Records provided:

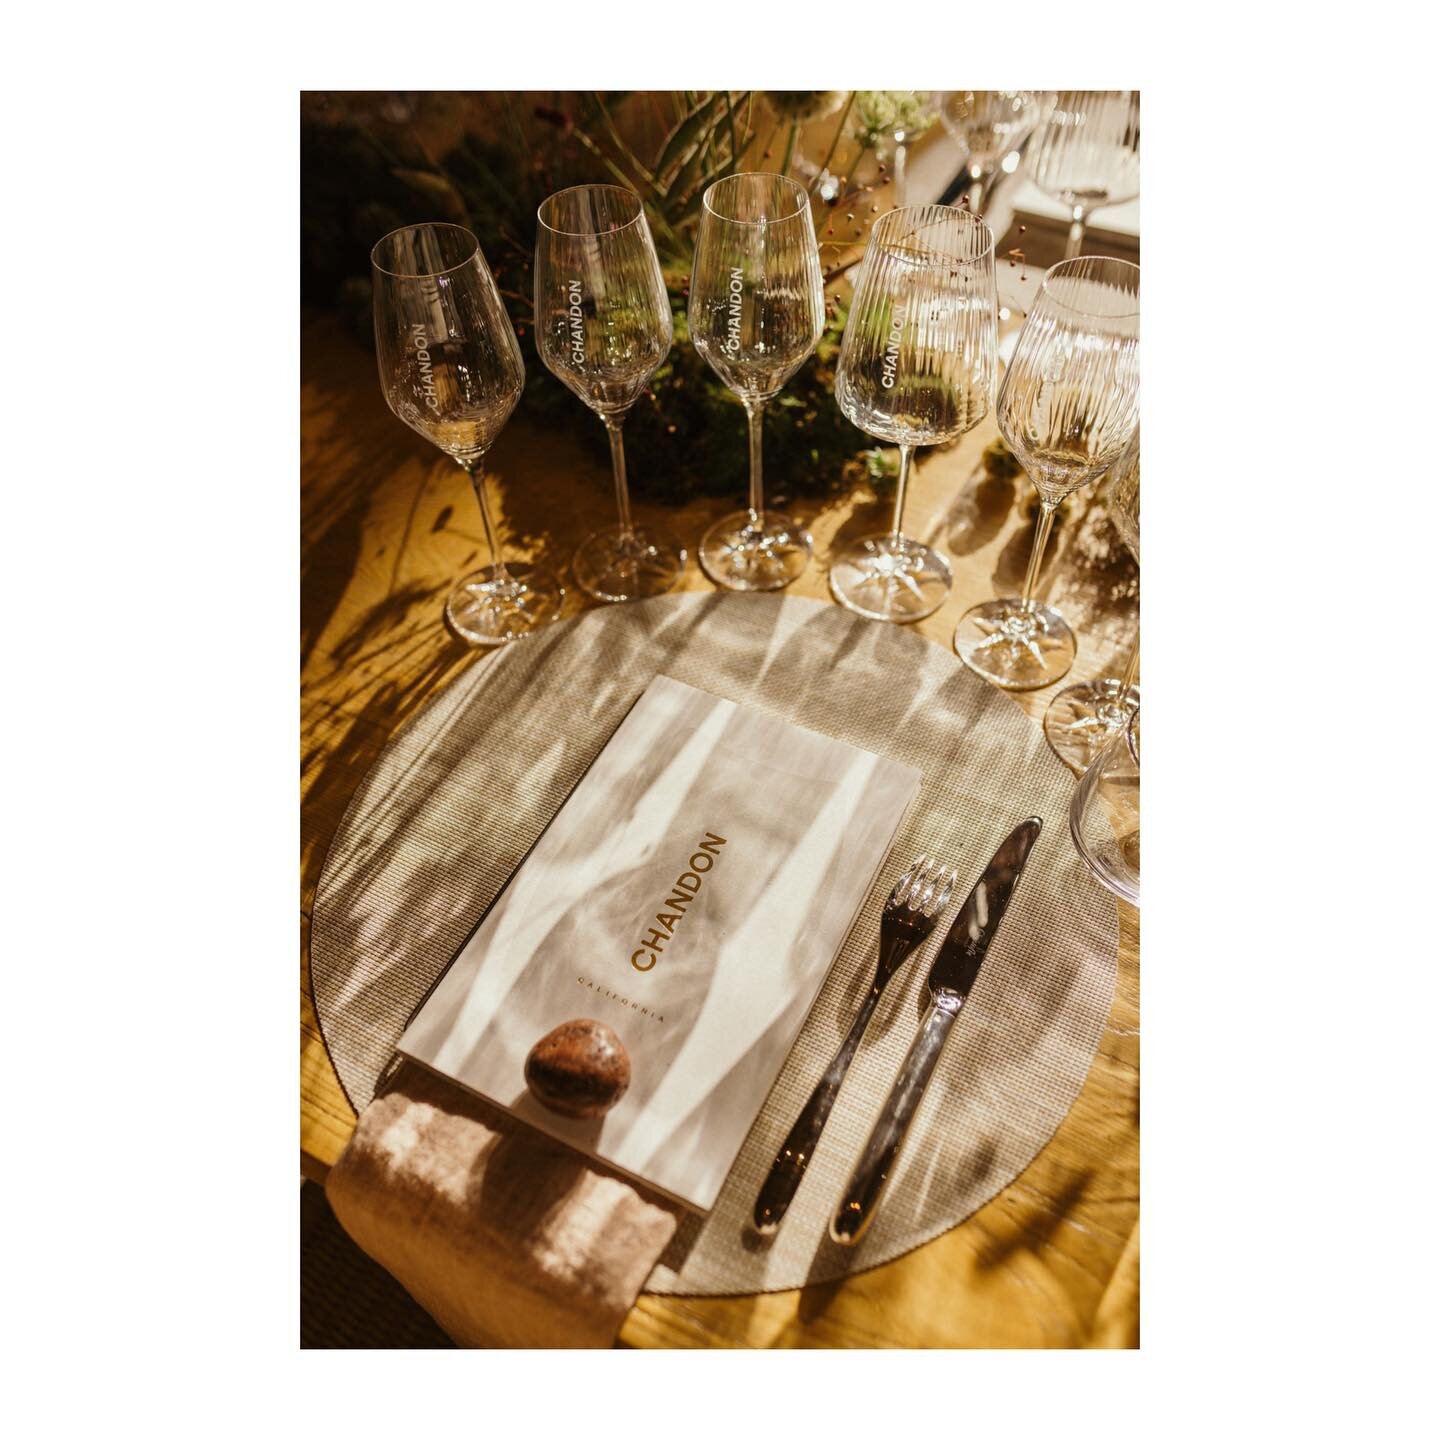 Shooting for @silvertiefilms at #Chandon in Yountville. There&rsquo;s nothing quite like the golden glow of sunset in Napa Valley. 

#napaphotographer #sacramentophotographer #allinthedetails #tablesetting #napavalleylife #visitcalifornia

==

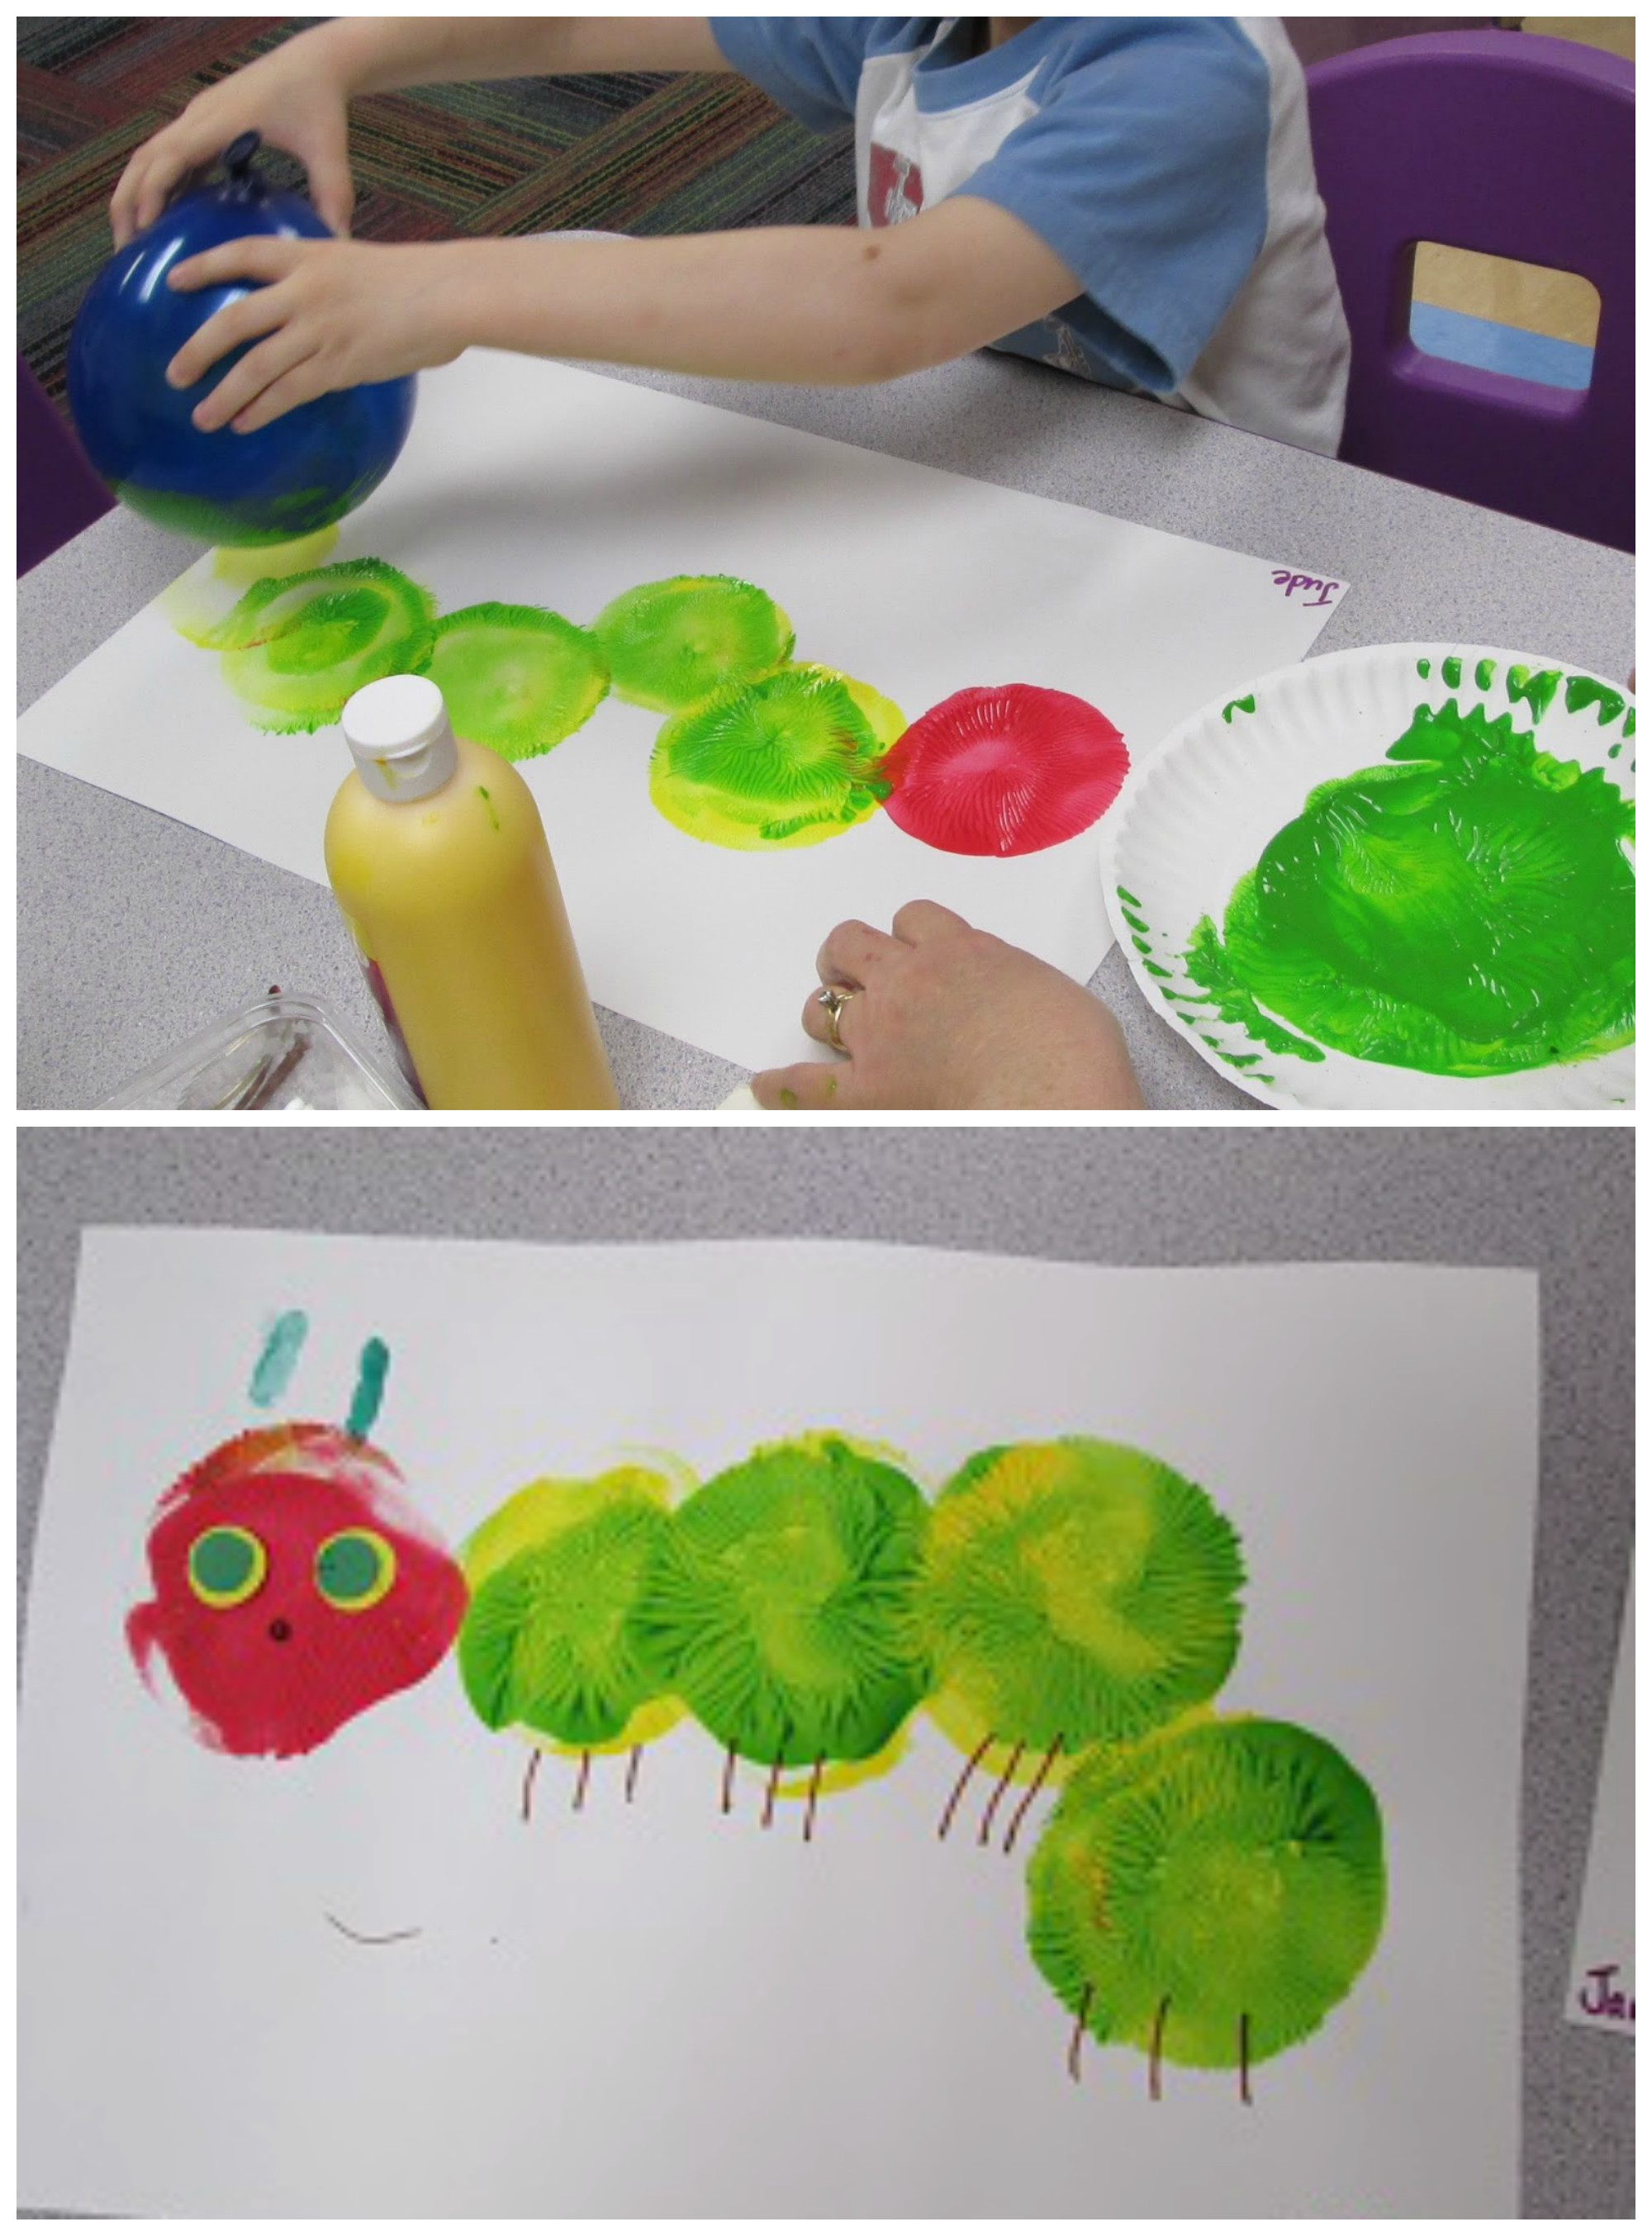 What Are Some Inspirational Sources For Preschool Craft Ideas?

* * *

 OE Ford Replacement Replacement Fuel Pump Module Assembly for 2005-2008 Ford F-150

Exercise objective: Set down again, exactly, every line above from the one with "Shooting for @silvertiefilms" down to the one with "#napaphotographer #sacramentophotographer #allinthedetails", both ends included. No pictures, and nothing else.

Result of the exercise:
 Shooting for @silvertiefilms at #Chandon in Yountville. There&rsquo;s nothing quite like the golden glow of sunset in Napa Valley. 

#napaphotographer #sacramentophotographer #allinthedetails #tablesetting #napavalleylife #visitcalifornia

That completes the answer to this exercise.